TORFAEN council has come under fire for letting a group of students sit in on a confidential cabinet meeting.
The three students were allowed to stay to watch cabinet councillors discussing confidential information at Pontypool Civic Centre, even though the press and public were excluded.
The council used a section of the Local Government Act 1972 to exclude members of the press and public from the council chamber, on the grounds that "exempt" information might be disclosed.
But three students, invited to the meeting as part of a programme to involve more young people in politics, stayed in the chamber to watch the debate.
Beatrice Davies, a community campaigner who attends most Torfaen council meetings, said she was outraged.
"It makes a mockery of the exemption ruling. I am a tax-paying member of the public and I was asked to leave. Therefore the students, who are also members of the public, should be asked to leave too. They should fall under the same ruling. I am disgusted at the cabinet."
Mrs Davies said she will make a formal complaint to the council's ethics and standards committee.
Independent councillor Mike Davies also criticised the council decision. "I believe the council has made an error here," said Councillor Davies. "If anything is exempt is has to be exempt from all the public.

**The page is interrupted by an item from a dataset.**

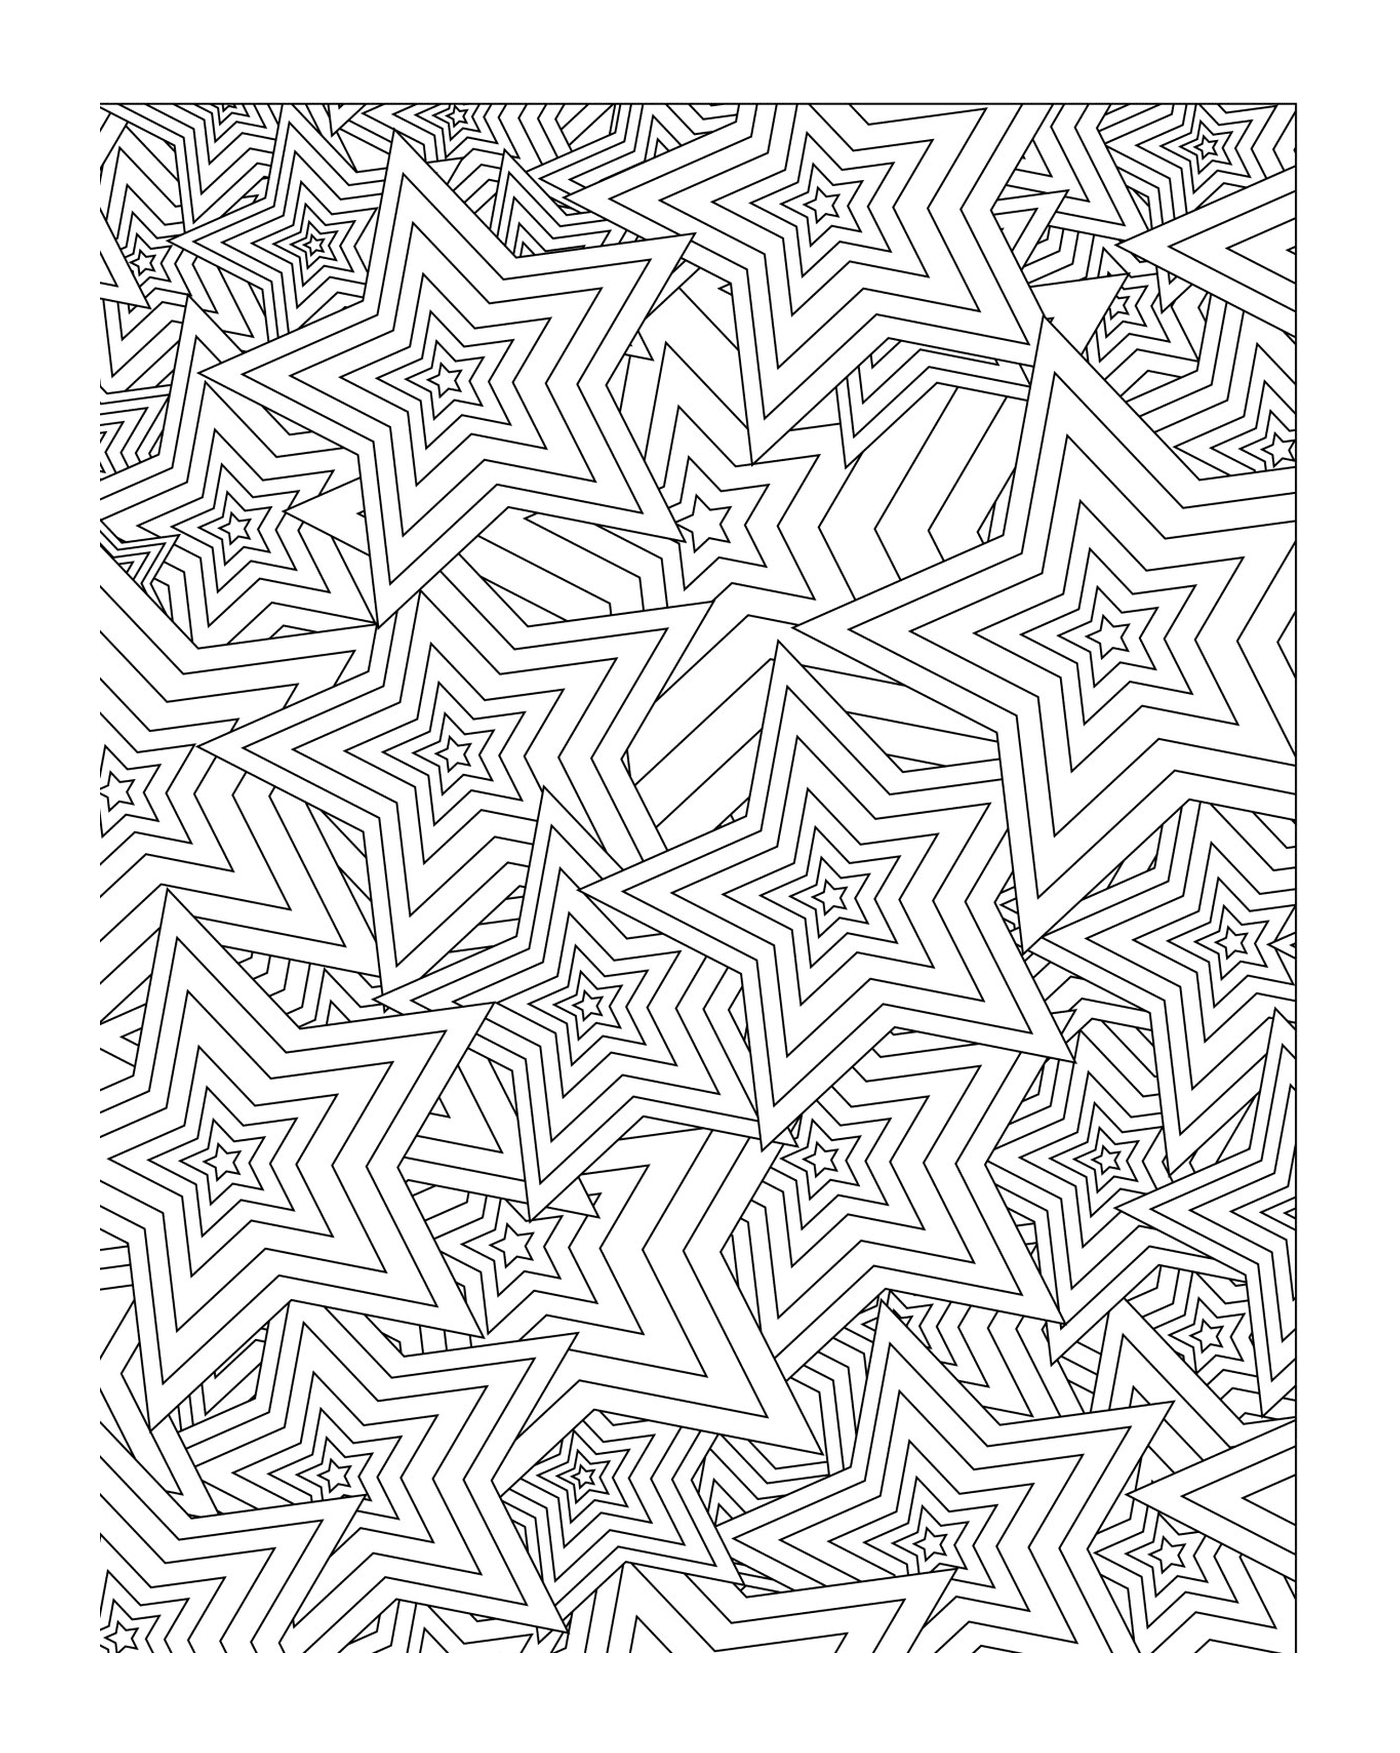  Un patrón de estrellas en forma de mandala

"Although the council should encourage use of the chamber for showing students how the democratic process works, those students should be bound by the same rules as others."
But council staff denied they had done anything wrong. A council spokesman said: "It was decided in advance that on an experimental basis the students would be allowed to stay for the exempt portion of the meeting on this occasion as they were strictly bound by confidentiality and the reports had been appropriately vetted in advance.
"Based on how useful this approach is to involving young people in the council's democracy programme we will decide whether or not to make it a regular feature of cabinet meetings."